Transcribe the full listing below, word for word, without pictures.

## [SUPPLIED INFORMATION]

====

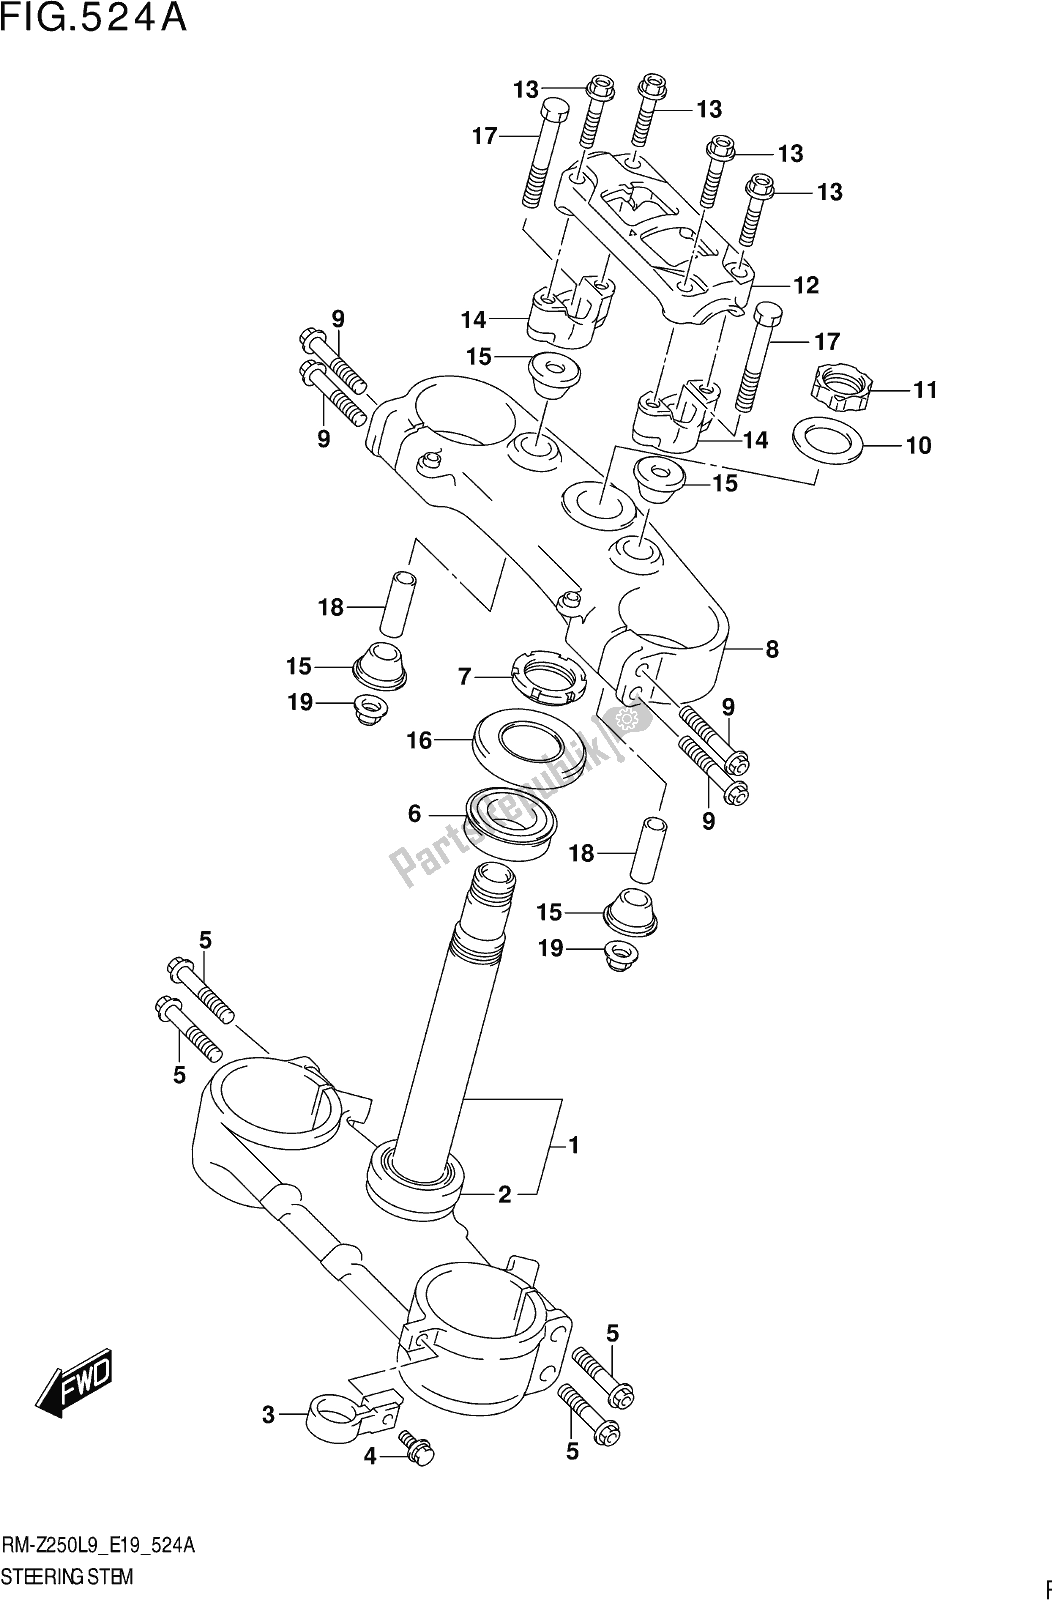 Alle onderdelen voor de Fig. 524a Steering Stem van de Suzuki RM-Z 250 2019
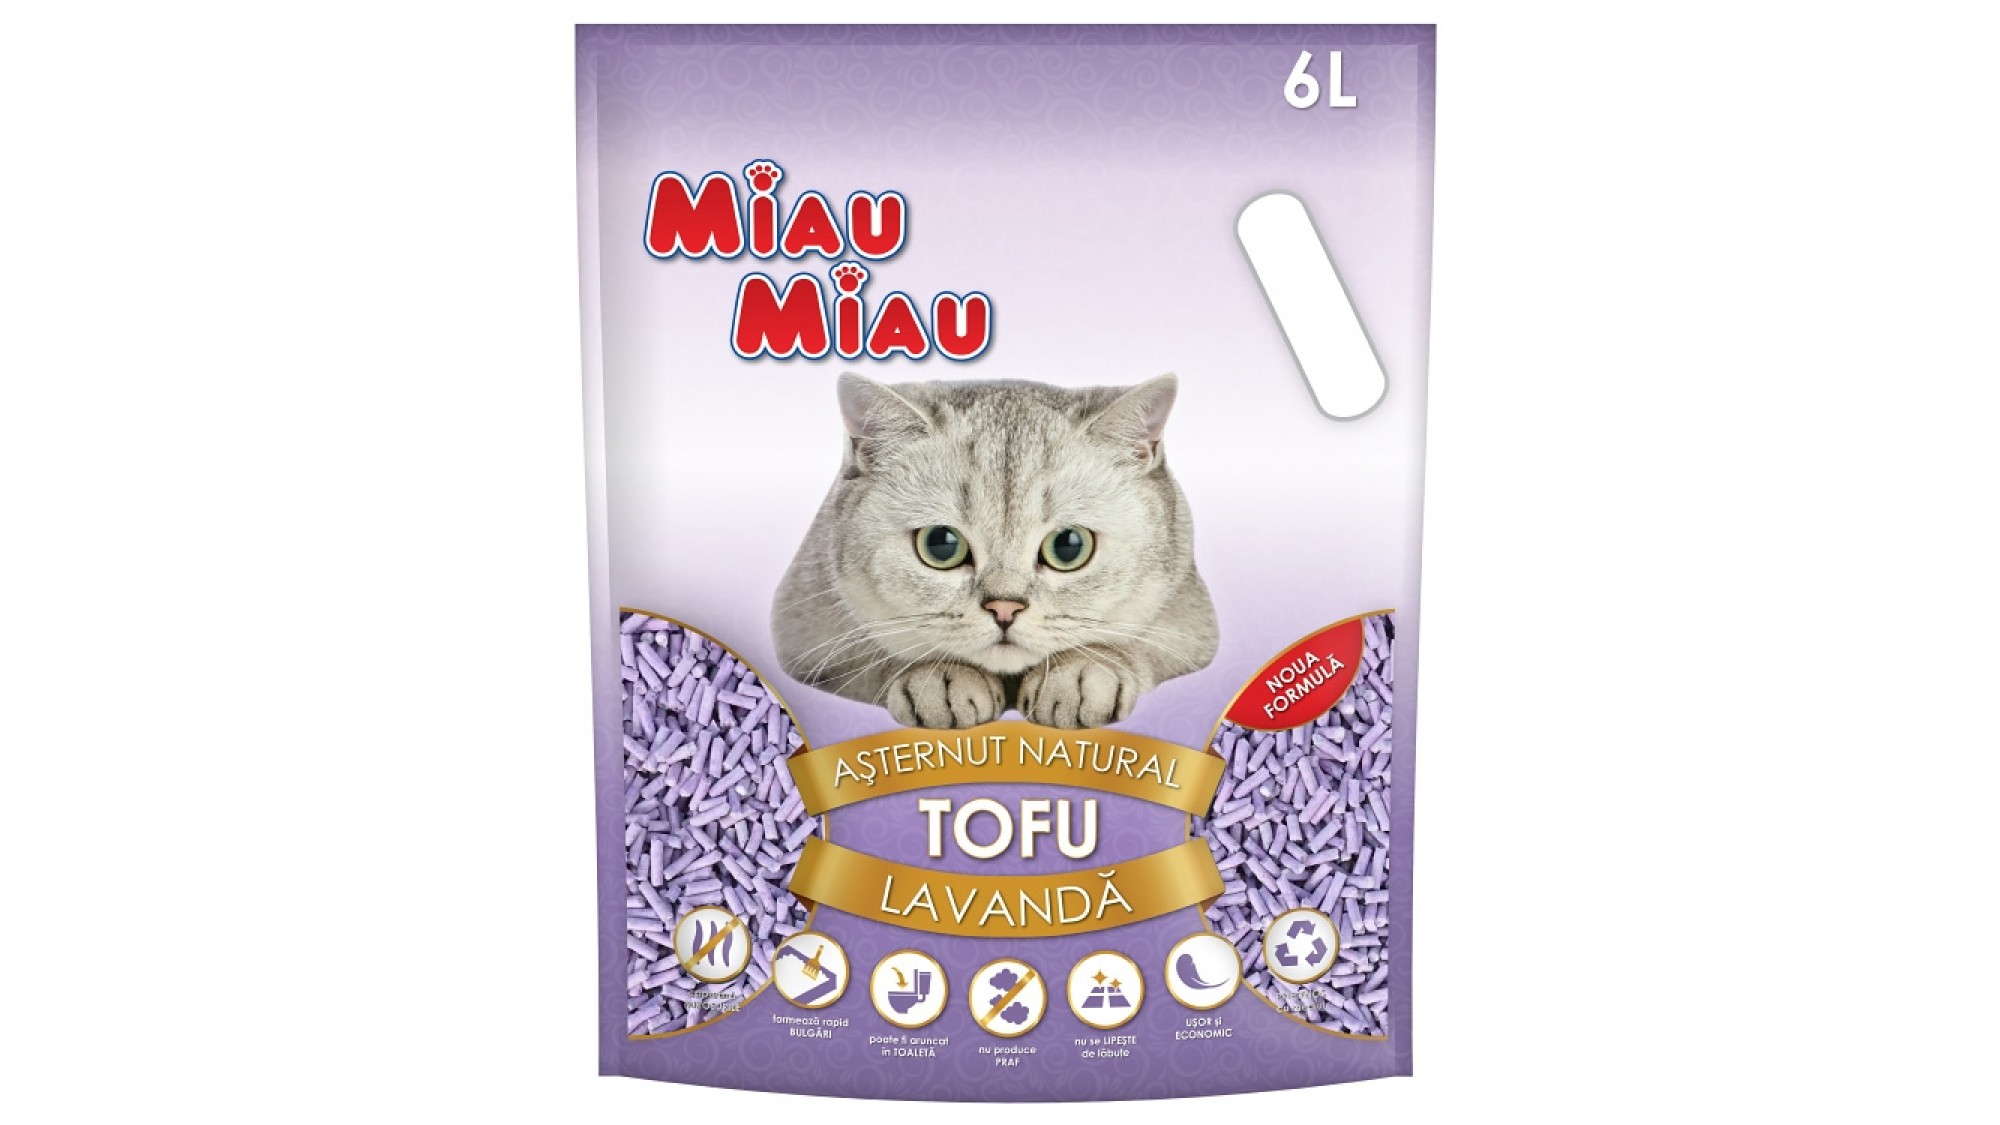 Asternut Natural Din Tofu Pentru Pisici Miau Miau cu lavanda 6 L Accesorii
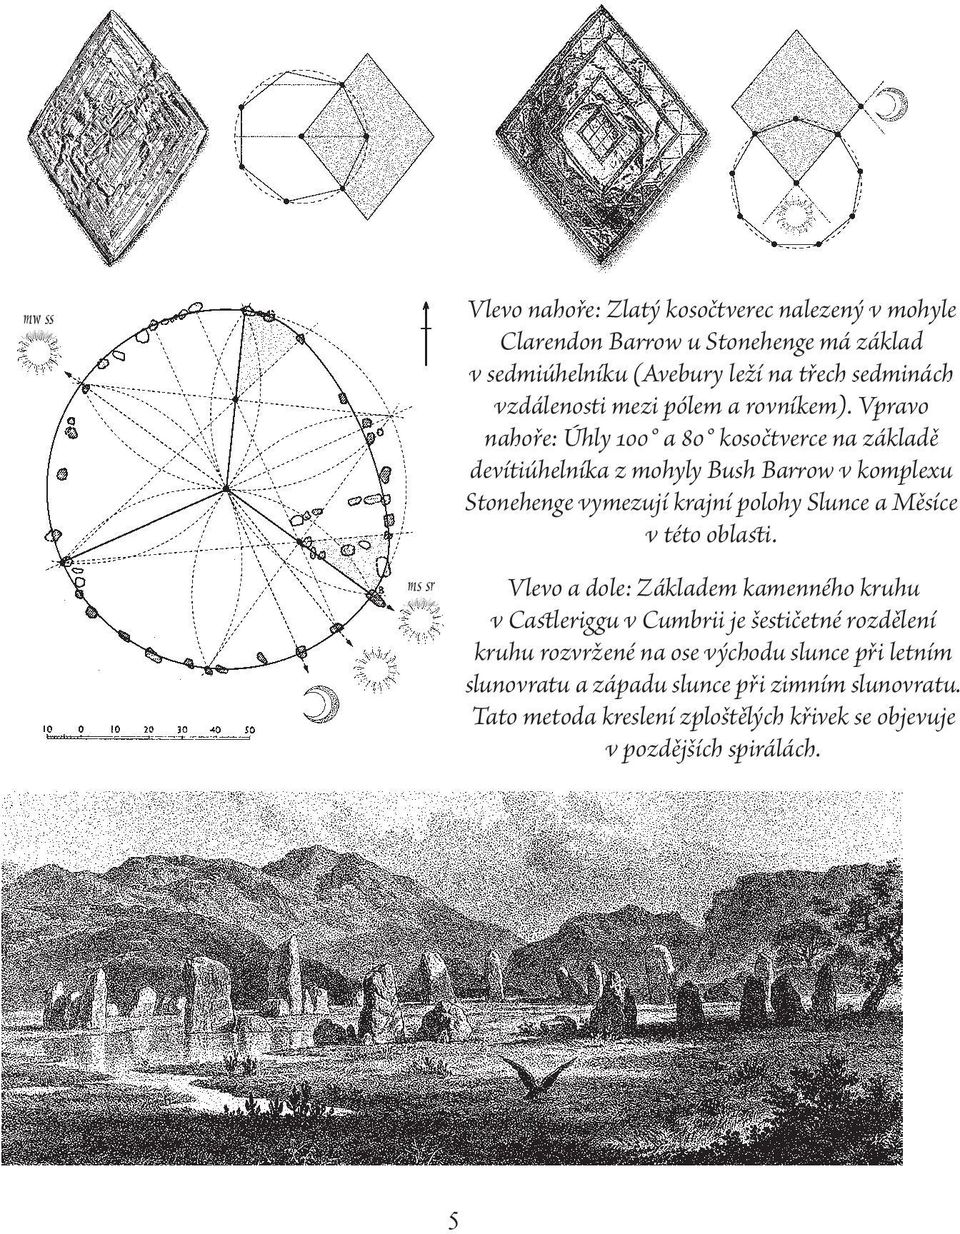 Vpravo nahoře: Úhly 100 a 80 kosočtverce na základě devítiúhelníka z mohyly Bush Barrow v komplexu Stonehenge vymezují krajní polohy Slunce a Měsíce v

====

## [RESULT OF THE TASK]
 Alle onderdelen voor de Fig. 524a Steering Stem van de Suzuki RM-Z 250 2019
 Asternut Natural Din Tofu Pentru Pisici Miau Miau cu lavanda 6 L Accesorii
 Vpravo nahoře: Úhly 100 a 80 kosočtverce na základě devítiúhelníka z mohyly Bush Barrow v komplexu Stonehenge vymezují krajní polohy Slunce a Měsíce v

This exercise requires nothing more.